Disons que c’est toujours rentable de prendre les gens pour des cons une fois que les conditions de la participation sont respectées, mais il y a des choses qui ne s’achètent pas et qui coûtent néanmoins de l’argent, un certain manque à gagner.

Le complexe du temps de cerveau disponible est plus courant, plus vaste, et peut-être un peu plus fin, que ce qui en est généralement dit. Son ressort principal est la participation en termes de tactilité et de récits : on coupe pour ainsi dire la main du spectateur et sa capacité de produire des histoires pour qu’il les retrouve à travers la participation dans sa relation à ce qui lui est présenté. C’est là un rapport médiatique typiquement moderne (comme le montre une thèse en passe d’être soutenue à Paris 8, qui s’attache en particulier à analyser l’architecture lisboète).
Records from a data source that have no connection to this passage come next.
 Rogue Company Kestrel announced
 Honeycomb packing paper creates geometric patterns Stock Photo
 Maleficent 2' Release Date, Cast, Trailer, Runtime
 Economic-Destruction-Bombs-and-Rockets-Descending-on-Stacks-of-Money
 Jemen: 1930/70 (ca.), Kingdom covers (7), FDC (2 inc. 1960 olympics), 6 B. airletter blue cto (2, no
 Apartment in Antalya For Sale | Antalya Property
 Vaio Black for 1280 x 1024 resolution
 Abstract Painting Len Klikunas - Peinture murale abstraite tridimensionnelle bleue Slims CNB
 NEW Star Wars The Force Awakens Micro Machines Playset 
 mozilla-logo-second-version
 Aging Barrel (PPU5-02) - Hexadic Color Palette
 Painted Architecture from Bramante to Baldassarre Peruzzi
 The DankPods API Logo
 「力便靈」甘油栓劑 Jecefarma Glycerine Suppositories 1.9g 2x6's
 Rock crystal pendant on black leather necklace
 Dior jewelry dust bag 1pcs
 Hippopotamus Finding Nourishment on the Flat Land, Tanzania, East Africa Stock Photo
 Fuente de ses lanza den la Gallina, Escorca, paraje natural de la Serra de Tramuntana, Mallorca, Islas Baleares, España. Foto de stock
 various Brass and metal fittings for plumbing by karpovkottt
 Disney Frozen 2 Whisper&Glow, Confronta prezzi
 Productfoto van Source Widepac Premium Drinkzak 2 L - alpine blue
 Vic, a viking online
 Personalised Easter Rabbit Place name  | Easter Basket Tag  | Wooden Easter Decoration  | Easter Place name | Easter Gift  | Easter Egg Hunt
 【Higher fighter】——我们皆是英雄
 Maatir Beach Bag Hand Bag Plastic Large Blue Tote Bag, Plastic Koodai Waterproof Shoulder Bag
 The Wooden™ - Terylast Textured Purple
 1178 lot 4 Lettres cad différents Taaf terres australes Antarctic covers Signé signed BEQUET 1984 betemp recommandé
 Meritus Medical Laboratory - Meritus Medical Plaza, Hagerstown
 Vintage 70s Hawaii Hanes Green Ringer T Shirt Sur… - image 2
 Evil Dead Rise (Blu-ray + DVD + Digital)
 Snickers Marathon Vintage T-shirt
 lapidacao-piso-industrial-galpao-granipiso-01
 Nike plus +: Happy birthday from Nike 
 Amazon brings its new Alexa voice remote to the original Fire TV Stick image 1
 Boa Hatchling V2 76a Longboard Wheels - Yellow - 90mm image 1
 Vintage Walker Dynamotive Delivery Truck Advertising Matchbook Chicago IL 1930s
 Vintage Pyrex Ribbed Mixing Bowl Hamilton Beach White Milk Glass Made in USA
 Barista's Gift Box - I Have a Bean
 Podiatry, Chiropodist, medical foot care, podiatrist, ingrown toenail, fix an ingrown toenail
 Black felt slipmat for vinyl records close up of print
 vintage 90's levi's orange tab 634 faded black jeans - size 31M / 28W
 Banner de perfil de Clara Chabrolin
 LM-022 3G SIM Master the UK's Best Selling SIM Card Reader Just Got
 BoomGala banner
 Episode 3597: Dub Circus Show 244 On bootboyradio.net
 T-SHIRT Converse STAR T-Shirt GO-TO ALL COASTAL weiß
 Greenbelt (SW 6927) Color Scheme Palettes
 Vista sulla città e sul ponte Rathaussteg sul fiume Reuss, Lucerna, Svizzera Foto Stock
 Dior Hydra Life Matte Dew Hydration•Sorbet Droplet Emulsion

Si l’on veut lutter contre ce complexe, il ne s’agit pas simplement, à mon sens, de supprimer la publicité, et autres relations commerciales. Après tout c’est là un mode d’investissement de la relation de confiance parmi d’autres, qui repose sur des choix institutionnels de rapport aux publics. Il faut plutôt penser autrement la participation, ce qui amène à imaginer d’autres types de contenus culturels, en termes de sujet mais surtout en termes de forme, de dispositif, ainsi que d’autres médias, c'est-à-dire, si ce ne sont d’autres institutions, du moins d’autres techniques de médiation.